2 cans (15 oz each) chickpeas, drained and rinsed

½ cup dried cranberries

1 cup crumbled feta cheese

¼ cup thinly sliced red onion

¼ cup chopped fresh parsley

Lemon Vinaigrette:

Juice of 1 large lemon (about 3 tablespoons)

2 tablespoons extra-virgin olive oil

1 teaspoon Dijon mustard

1 teaspoon honey or maple syrup

Salt and freshly ground pepper, to taste


Instructions

In a large bowl, combine the chickpeas, dried cranberries, crumbled feta, sliced red onion, and chopped parsley.

In a small bowl or jar, whisk together the lemon juice, olive oil, Dijon mustard, honey, salt, and pepper until smooth and emulsified.

Pour the lemon vinaigrette over the chickpea mixture and gently toss to coat evenly.
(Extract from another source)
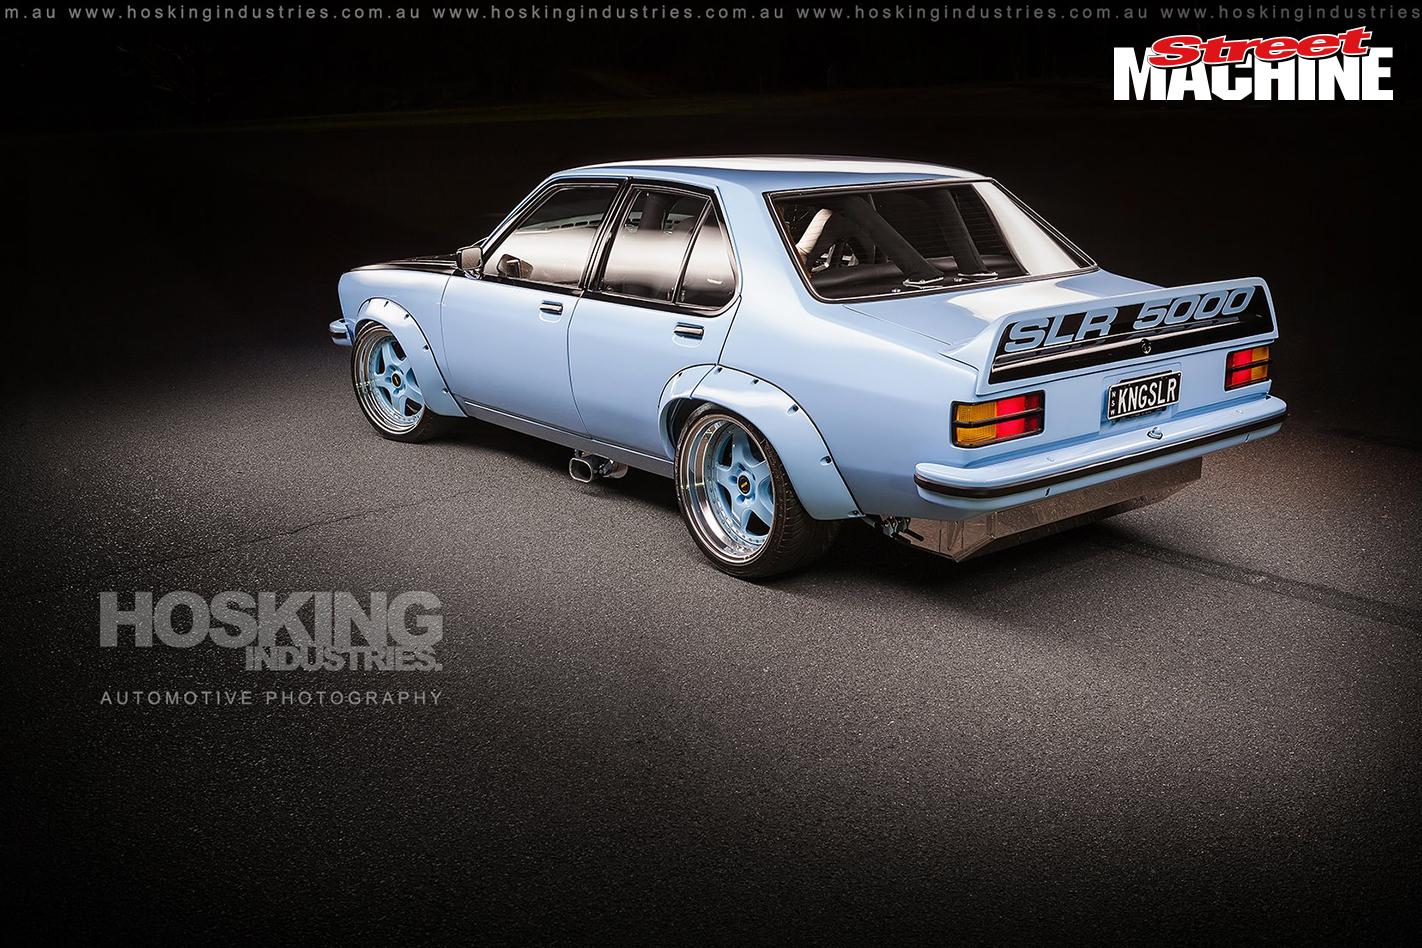 Holden Torana SLR KINGSLR 1

Taste the salad and adjust the seasoning if needed—add more lemon juice for brightness or extra salt and pepper to enhance the flavors.

Let the salad sit for about 10 minutes before serving to allow the flavors to meld together.


Notes

Add toasted nuts (like almonds or walnuts) for extra crunch.

Throw in some greens such as spinach, arugula, or kale for added nutrition and vibrancy.

Swap dried cranberries for dried apricots or raisins for a different flavor.

For a more savory twist, add chopped olives or sun-dried tomatoes.